В03:形容詞
これまで見てきた例文は、いずれも素っ気ないものだった。もう少し飾りをつけてみよう。いわゆる修飾語である。具体的には、形容詞だ。
- Я́ сре́дний студе́нт. 「ぼくは普通の大学生だ」
- Я́ сре́дняя студе́нтка. 「わたしは普通の大学生よ」
- Ты́ хоро́ший актёр? 「君は優秀な俳優?」
- Ты́ хоро́шая актри́са? 「君は優秀な俳優?」
- О́н ре́дкий япо́нец. 「かれは珍しい日本人だ」
- Она́ ре́дкая япо́нка. 「彼女は珍しい日本人だ」
形容詞を置く場所は、実はどこでもいいのだが、基本的には修飾している名詞の直前である。これは日本語と同じだから、特に考える必要もない。
#8 名詞を修飾する形容詞は、名詞の前に置く。
形容詞とは、日本語では多くの場合「〜い」という形をしている。ところが、名詞+「の」である「普通の」や、名詞+「な」である「優秀な」も、ロシア語では形容詞である。

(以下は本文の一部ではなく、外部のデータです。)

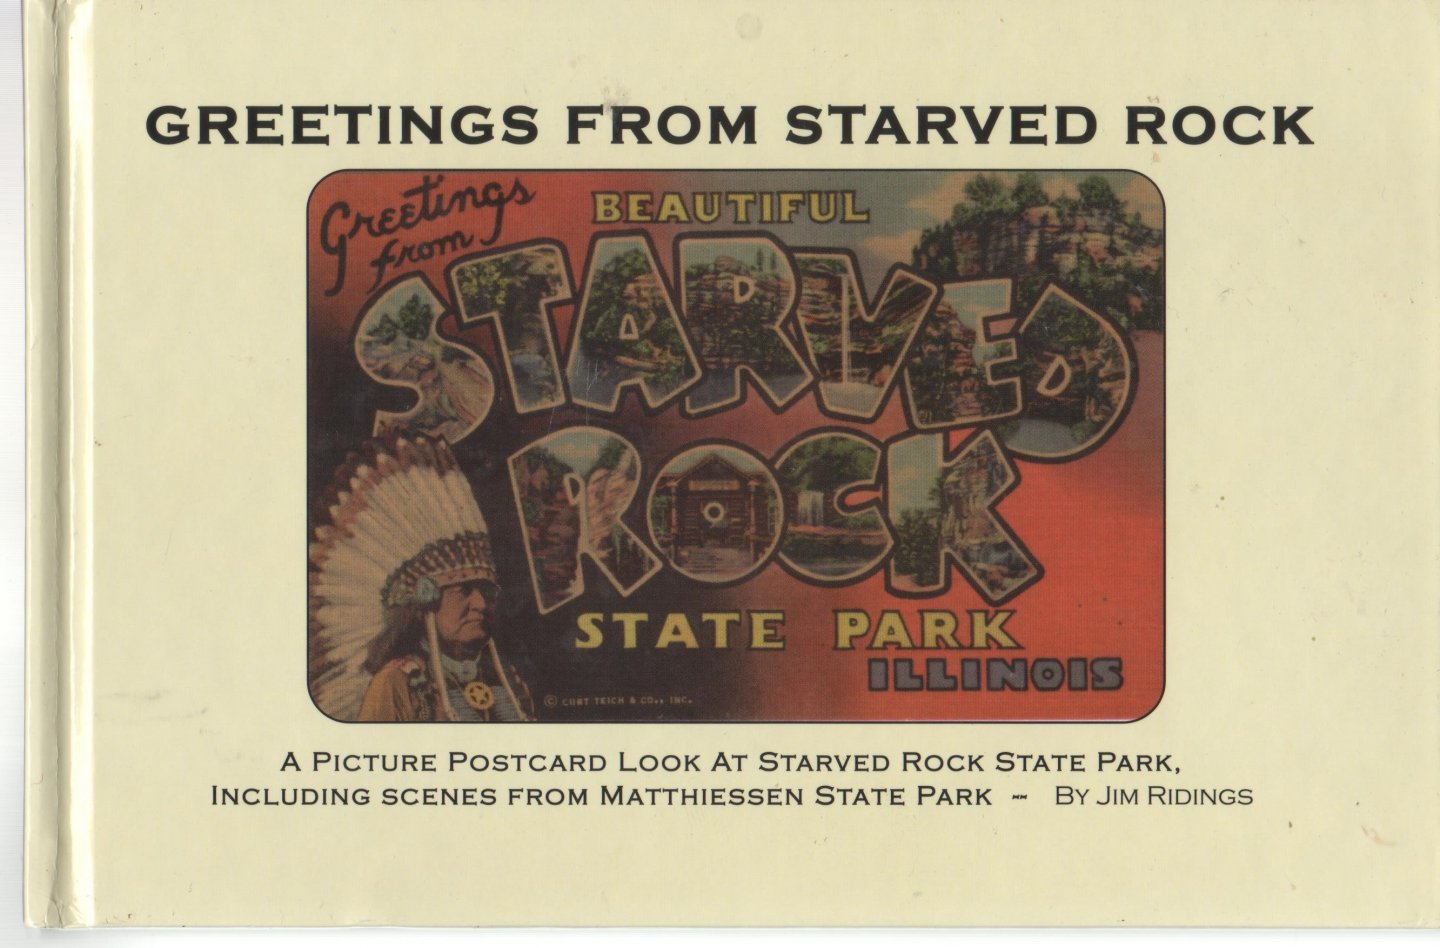 Ridings, Jim - Greetings from starved rock

このように、日本語の形容詞とロシア語の形容詞、日本語の名詞とロシア語の名詞など、必ずしも一致しない。「こういう意味のことを言いたい場合に、ロシア語ではどういう単語を使うのか」、あるいは逆に、「ロシア語のこの単語は、日本語に置き換えるとどういう感じの言葉が適切か」をしっかり考えることが重要である。
さて、気づいただろうか。「Aだ」を構成している「形容詞+名詞」の部分だけ抜き出し、それを男女別に分けてみる。
- )
- средний студент
- хороший актёр
- редкий японец
- )
- средняя студентка
- хорошая актриса
- редкая японка
では、次のような例も見てみよう。
- Э́то но́вый журна́л. 「これは新しい雑誌だ」
- Э́то ста́рый до́м. 「これは古い家だ」
- Э́то большо́й слова́рь. 「これは大きい辞書だ」
- Э́то интере́сная кни́га. 「これはおもしろい本だ」
- Э́то бе́лая ко́шка. 「これは白いネコだ」
- Э́то широ́кая река́. 「これは広い川だ」
こちらも次のように分けてみる。
- )
- новый журнал
- старый дом
- большой словарь
- )
- интересная книга
- белая кошка
- широкая река
どちらの 1. も、形容詞の末尾が -й となっている。これに対して、2. では -я だ。それだけではない。2. では名詞の末尾もすべて -а となっている。
上では、1. が男、2. が女だったから、性に基づいて区別がなされているのかもしれない、とも思われるが、雑誌だの家だの、性とは無関係な名詞を使っている下は一体どういうことだろうか。
実は、ロシア語では、人、つまり実際に性を持つものだけではなく、あらゆる名詞に性の区別があり、形容詞はそれを反映して語尾変化するのである。
#9 形容詞は修飾する名詞の性に応じて語尾変化する。